Zulip Chat Archive
Stream: general
Topic: Infinity Hotel
Reid Barton (Sep 19 2019 at 15:46):
This Proof Ground problem is actually almost exactly a lemma I want. Would somebody (@Floris van Doorn?) like to PR a solution to mathlib?
Maybe as a mathlib lemma, it is more natural to use equiv
in place of bijective
, and replace the target nat
by denumerable
Mario Carneiro (Sep 19 2019 at 15:58):
I discussed this with floris after the competition. I think it generalizes to embedding B < A when A is an infinite cardinal
Kevin Buzzard (Sep 19 2019 at 16:17):
Assuming AC, a+b=max(a,b) so A-B bijects with A-f(B)

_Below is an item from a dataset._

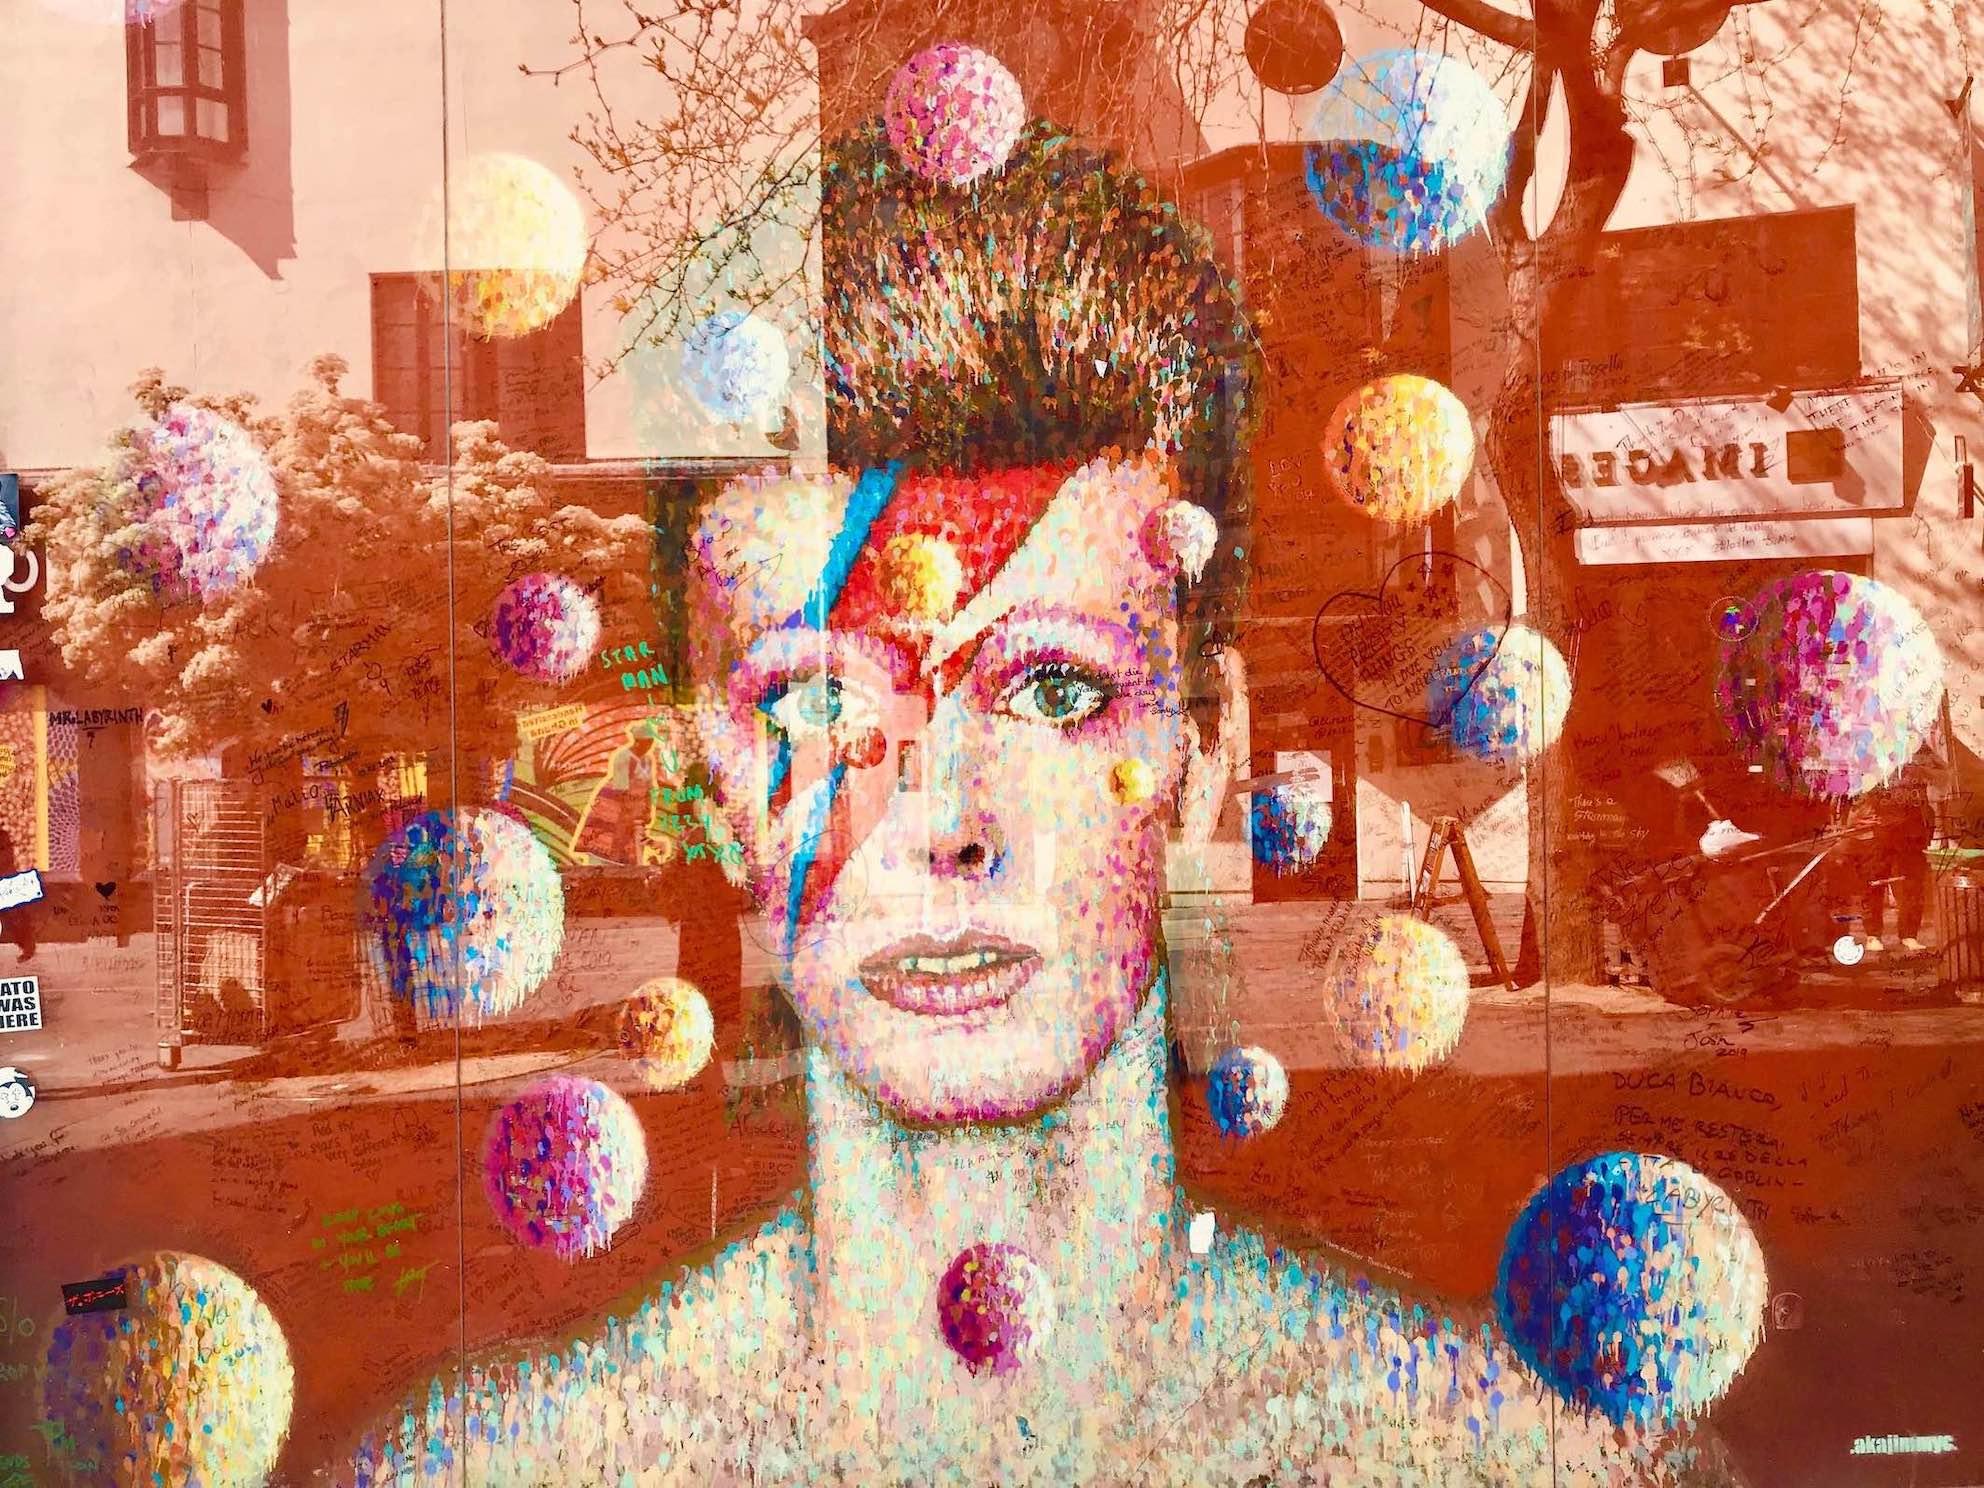 David Bowie Mural London.
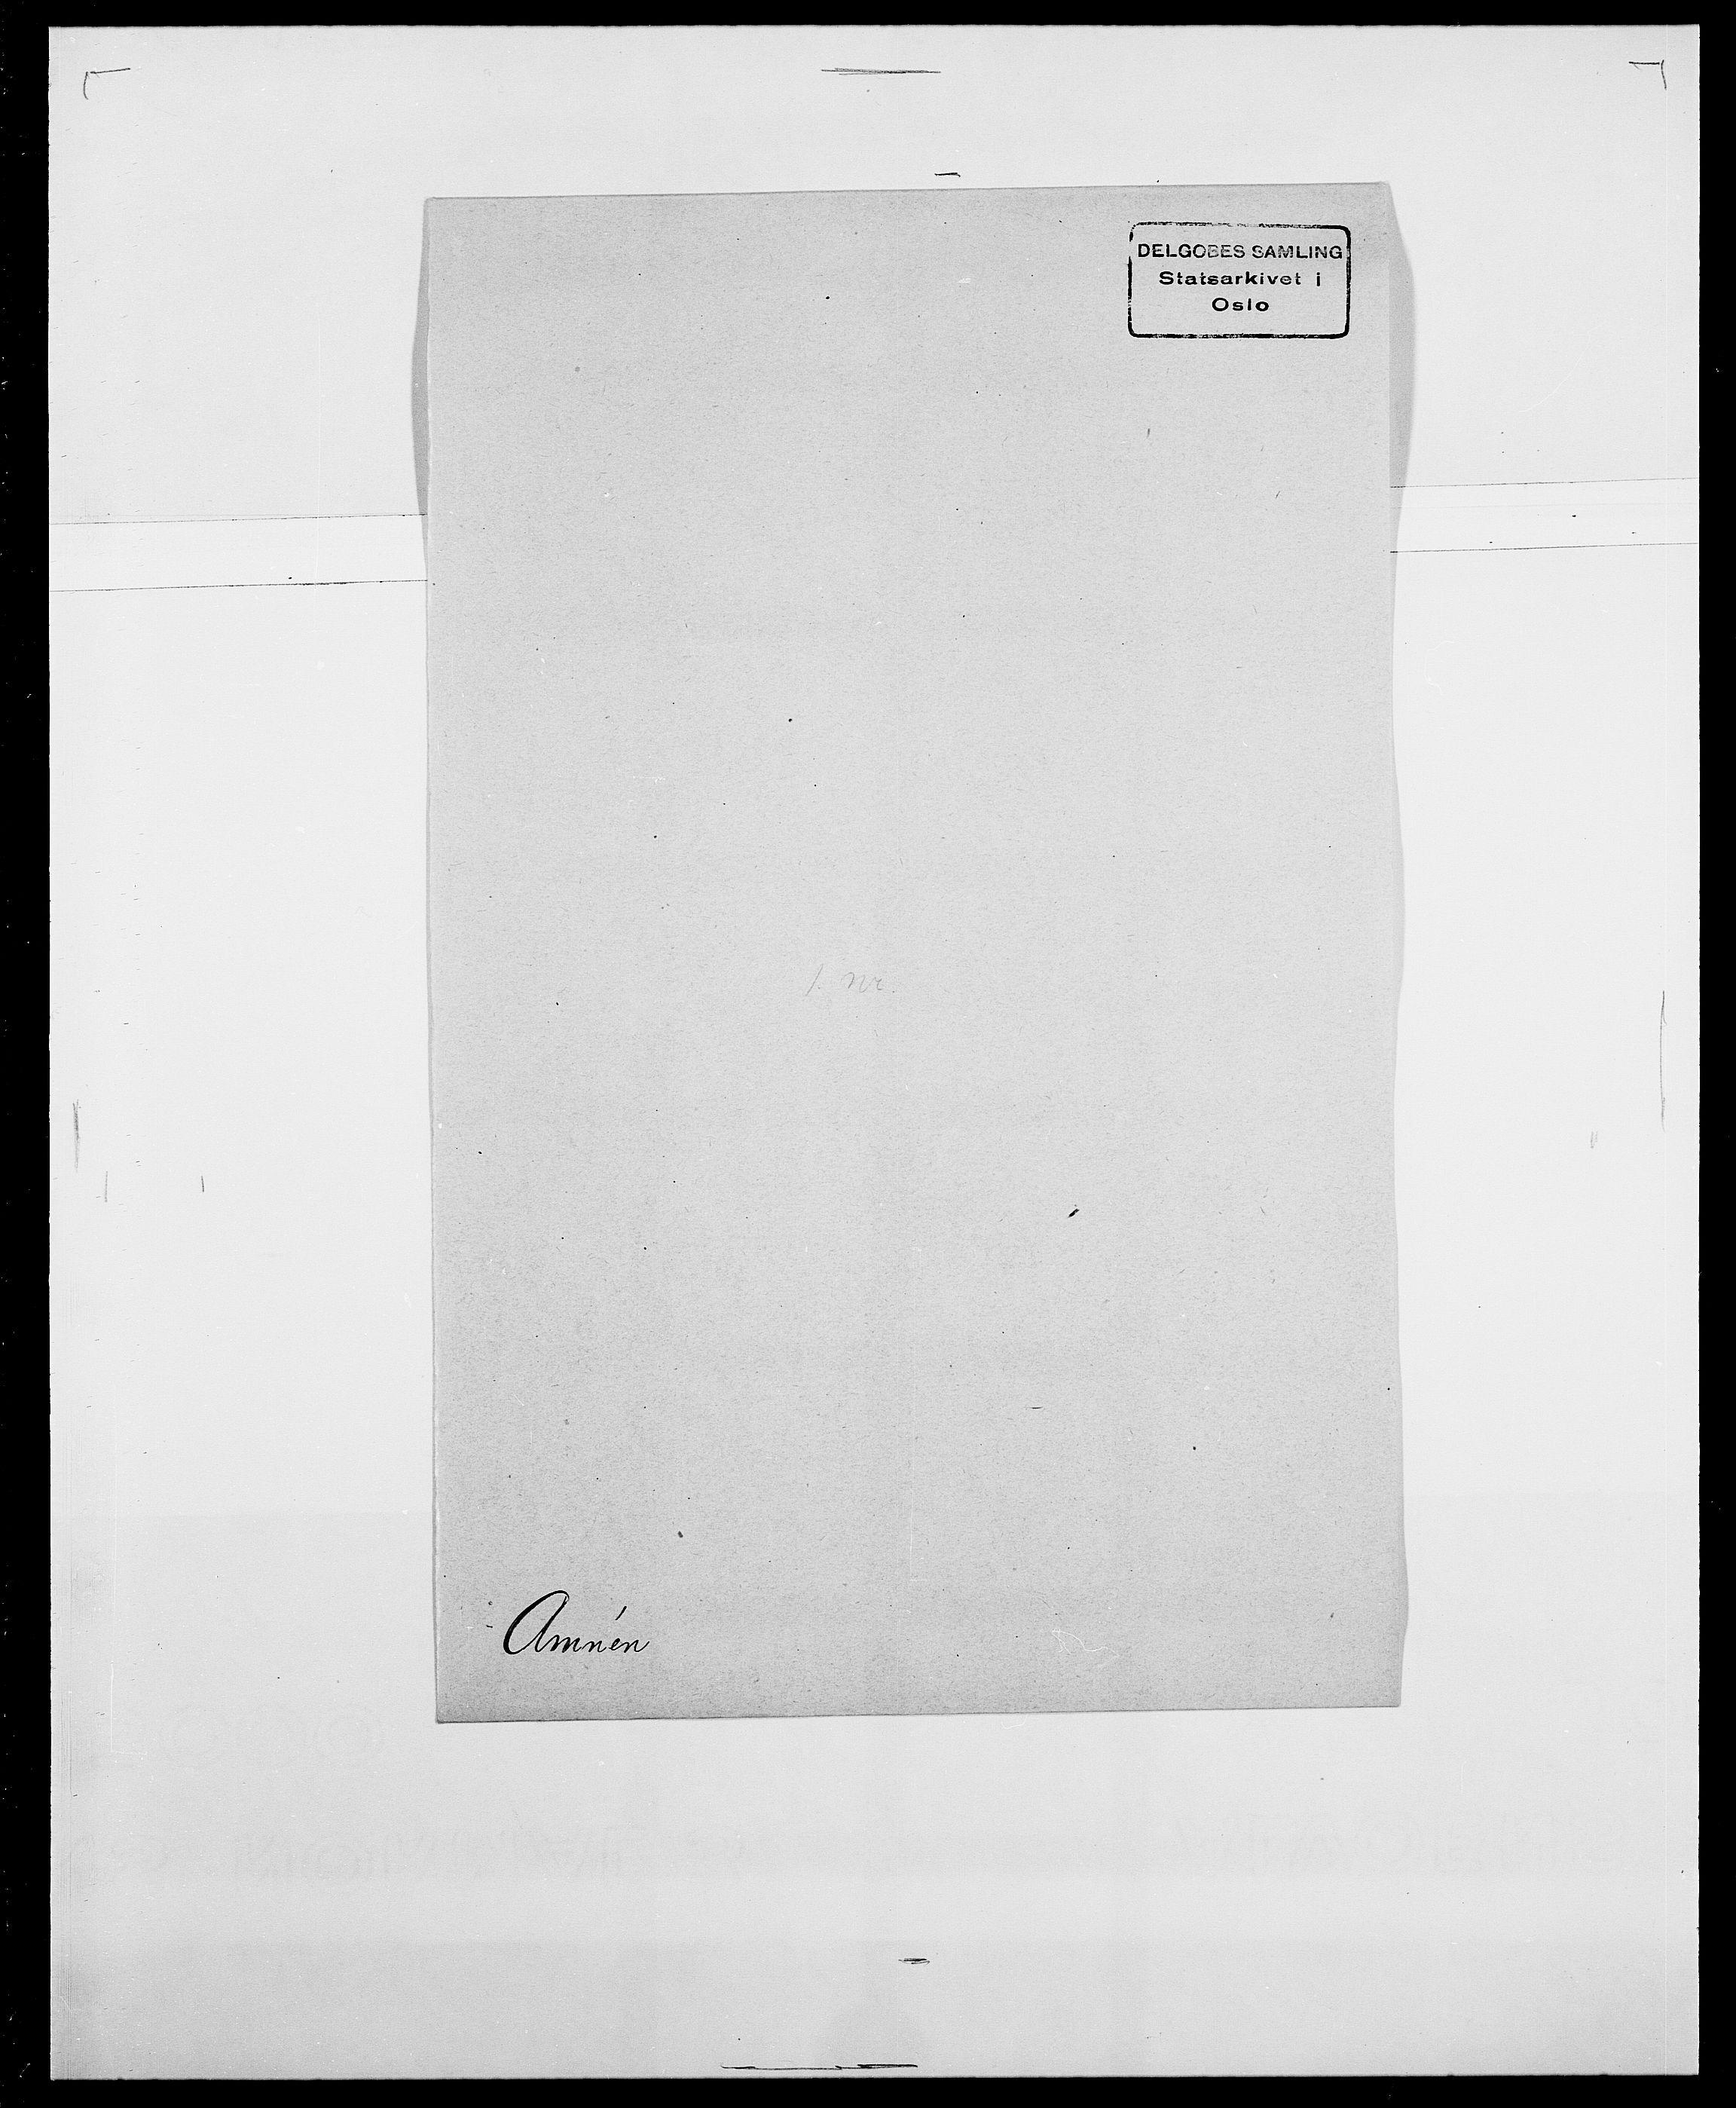 SAO, Delgobe, Charles Antoine - samling, D/Da/L0001: Aabye - Angerman, s. 547

Floris van Doorn (Sep 19 2019 at 18:19):
Yes, I'm going to PR this to mathlib. The current statement I am proving is
theorem extend_function_of_lt {α β : Type*} {s : set α} (f : s ↪ β) (hs : #s < #α) (h : nonempty (α ≃ β)) : ∃ (g : α ≃ β), ∀ x : s, g x = f x
Floris van Doorn (Sep 19 2019 at 18:20):
Here #
means cardinal.mk
Floris van Doorn (Sep 19 2019 at 18:26):
I have already proved this in the case where #α
is infinite.
Now that I think of this, when α
is infinite, I should probably replace the assumption #s < #α
with the weaker condition #(-s : set α) = #α
(I already proved the lemma that the former implies the latter).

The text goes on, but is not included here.